- [ASSIGNMENT]
Reproduce exactly the lines below from the one containing "Dallas Cowboys HD" through the one containing "1980s Jil Sander", including both, and nothing else.

________________________________________

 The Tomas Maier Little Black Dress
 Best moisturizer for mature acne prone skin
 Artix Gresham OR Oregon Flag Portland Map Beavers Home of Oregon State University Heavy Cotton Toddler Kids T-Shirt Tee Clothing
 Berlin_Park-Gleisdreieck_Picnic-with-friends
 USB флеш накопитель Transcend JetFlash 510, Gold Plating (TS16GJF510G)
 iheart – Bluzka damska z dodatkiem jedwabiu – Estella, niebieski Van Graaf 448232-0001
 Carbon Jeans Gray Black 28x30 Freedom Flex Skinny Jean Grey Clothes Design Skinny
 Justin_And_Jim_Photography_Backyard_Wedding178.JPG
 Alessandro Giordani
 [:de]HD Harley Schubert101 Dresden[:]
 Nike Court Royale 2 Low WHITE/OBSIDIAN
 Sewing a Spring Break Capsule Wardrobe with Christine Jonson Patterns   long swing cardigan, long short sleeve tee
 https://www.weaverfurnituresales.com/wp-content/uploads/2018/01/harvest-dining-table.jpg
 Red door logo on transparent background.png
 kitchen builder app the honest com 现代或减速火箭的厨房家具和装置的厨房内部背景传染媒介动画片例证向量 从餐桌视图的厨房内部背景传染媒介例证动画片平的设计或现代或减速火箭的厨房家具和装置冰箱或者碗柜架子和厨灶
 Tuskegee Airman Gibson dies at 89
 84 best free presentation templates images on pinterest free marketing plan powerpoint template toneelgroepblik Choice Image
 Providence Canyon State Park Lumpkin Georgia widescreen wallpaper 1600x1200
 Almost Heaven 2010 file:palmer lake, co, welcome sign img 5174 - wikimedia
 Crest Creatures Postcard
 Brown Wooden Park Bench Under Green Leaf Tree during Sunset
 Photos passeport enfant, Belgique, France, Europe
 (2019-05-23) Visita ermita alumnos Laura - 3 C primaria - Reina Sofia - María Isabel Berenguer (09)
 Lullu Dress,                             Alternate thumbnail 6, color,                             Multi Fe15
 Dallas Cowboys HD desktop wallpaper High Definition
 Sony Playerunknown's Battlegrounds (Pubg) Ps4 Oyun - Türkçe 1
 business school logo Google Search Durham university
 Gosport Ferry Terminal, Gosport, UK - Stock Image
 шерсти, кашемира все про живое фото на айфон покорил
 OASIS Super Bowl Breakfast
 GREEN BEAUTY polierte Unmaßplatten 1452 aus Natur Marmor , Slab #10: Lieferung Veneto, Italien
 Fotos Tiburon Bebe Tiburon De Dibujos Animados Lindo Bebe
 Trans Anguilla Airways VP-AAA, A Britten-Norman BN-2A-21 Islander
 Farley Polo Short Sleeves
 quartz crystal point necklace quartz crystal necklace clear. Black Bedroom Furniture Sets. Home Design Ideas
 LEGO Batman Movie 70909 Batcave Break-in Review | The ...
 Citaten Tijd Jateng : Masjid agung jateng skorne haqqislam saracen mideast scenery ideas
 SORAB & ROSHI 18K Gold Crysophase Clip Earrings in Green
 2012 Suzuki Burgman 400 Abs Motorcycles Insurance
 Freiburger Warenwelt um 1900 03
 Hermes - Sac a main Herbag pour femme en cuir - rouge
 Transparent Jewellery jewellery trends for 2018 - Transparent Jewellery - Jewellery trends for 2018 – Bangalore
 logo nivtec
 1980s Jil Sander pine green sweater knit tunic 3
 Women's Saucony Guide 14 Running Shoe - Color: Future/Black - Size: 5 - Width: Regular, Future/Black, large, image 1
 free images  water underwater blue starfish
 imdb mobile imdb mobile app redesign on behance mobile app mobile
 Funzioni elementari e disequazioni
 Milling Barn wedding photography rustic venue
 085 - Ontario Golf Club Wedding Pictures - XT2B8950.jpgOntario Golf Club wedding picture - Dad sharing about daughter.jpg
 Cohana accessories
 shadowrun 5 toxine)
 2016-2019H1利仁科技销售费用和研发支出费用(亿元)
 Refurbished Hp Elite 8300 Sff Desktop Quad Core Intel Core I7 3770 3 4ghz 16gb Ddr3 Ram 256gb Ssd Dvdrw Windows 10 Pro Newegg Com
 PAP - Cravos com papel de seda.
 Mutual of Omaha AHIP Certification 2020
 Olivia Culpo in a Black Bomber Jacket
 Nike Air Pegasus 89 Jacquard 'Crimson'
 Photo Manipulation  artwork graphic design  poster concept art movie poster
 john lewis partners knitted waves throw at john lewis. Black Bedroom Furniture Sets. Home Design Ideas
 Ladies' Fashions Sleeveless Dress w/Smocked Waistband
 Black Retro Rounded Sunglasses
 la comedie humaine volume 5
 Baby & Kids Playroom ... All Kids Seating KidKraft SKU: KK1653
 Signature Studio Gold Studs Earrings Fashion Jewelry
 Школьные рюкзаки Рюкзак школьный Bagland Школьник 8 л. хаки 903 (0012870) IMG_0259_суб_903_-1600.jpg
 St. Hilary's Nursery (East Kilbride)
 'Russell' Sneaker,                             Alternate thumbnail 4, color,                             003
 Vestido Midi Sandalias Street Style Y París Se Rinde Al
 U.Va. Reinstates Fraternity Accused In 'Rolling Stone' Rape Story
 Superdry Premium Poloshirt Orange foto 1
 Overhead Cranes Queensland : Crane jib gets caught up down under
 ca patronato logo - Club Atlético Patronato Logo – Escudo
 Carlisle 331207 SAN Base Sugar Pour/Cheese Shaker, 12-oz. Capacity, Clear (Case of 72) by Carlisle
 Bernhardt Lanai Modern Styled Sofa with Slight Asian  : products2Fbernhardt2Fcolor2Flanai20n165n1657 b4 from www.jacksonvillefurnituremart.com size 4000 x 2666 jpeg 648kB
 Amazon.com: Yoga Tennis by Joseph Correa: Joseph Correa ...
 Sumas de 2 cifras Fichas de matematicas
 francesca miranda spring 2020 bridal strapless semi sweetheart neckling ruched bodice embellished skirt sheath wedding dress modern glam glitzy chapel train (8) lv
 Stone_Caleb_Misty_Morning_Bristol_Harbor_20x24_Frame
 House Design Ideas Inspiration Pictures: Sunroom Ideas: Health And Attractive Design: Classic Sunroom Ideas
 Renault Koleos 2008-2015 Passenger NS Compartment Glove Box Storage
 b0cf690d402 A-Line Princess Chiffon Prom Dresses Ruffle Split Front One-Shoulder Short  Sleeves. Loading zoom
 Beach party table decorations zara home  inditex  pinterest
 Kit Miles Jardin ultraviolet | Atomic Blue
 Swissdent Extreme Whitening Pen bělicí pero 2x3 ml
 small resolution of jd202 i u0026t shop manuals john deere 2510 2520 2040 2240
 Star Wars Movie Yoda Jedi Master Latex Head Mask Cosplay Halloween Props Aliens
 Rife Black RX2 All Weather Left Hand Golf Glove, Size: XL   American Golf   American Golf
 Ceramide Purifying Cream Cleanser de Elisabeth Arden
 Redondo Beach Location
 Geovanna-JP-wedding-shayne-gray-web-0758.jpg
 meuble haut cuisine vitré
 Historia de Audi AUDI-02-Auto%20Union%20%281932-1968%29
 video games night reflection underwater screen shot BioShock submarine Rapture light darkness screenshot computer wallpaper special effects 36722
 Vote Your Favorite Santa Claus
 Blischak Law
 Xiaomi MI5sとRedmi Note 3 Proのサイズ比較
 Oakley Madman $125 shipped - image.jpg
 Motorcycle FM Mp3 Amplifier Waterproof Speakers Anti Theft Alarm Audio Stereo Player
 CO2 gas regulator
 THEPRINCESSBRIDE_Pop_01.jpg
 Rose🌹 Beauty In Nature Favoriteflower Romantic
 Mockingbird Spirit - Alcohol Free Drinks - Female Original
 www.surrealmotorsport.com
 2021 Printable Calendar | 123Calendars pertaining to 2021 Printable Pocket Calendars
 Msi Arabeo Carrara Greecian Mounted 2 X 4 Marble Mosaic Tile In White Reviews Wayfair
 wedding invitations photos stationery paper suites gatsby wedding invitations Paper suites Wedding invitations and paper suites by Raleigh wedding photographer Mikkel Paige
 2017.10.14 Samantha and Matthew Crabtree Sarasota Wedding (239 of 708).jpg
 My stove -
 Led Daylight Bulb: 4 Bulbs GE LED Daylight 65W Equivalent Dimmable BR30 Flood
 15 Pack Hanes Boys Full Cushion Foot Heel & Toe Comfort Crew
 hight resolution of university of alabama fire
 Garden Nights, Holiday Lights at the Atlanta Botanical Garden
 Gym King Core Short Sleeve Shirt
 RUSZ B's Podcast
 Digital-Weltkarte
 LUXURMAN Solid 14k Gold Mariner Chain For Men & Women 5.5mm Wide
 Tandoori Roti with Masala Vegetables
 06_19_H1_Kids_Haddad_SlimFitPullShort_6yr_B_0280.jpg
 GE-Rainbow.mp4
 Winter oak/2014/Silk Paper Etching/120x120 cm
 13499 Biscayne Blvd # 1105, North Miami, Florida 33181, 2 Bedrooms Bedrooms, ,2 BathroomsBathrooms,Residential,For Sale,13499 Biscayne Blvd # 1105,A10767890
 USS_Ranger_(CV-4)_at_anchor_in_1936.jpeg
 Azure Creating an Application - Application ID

________________________________________

- [SOLUTION TO THE EXERCISE]
 Dallas Cowboys HD desktop wallpaper High Definition
 Sony Playerunknown's Battlegrounds (Pubg) Ps4 Oyun - Türkçe 1
 business school logo Google Search Durham university
 Gosport Ferry Terminal, Gosport, UK - Stock Image
 шерсти, кашемира все про живое фото на айфон покорил
 OASIS Super Bowl Breakfast
 GREEN BEAUTY polierte Unmaßplatten 1452 aus Natur Marmor , Slab #10: Lieferung Veneto, Italien
 Fotos Tiburon Bebe Tiburon De Dibujos Animados Lindo Bebe
 Trans Anguilla Airways VP-AAA, A Britten-Norman BN-2A-21 Islander
 Farley Polo Short Sleeves
 quartz crystal point necklace quartz crystal necklace clear. Black Bedroom Furniture Sets. Home Design Ideas
 LEGO Batman Movie 70909 Batcave Break-in Review | The ...
 Citaten Tijd Jateng : Masjid agung jateng skorne haqqislam saracen mideast scenery ideas
 SORAB & ROSHI 18K Gold Crysophase Clip Earrings in Green
 2012 Suzuki Burgman 400 Abs Motorcycles Insurance
 Freiburger Warenwelt um 1900 03
 Hermes - Sac a main Herbag pour femme en cuir - rouge
 Transparent Jewellery jewellery trends for 2018 - Transparent Jewellery - Jewellery trends for 2018 – Bangalore
 logo nivtec
 1980s Jil Sander pine green sweater knit tunic 3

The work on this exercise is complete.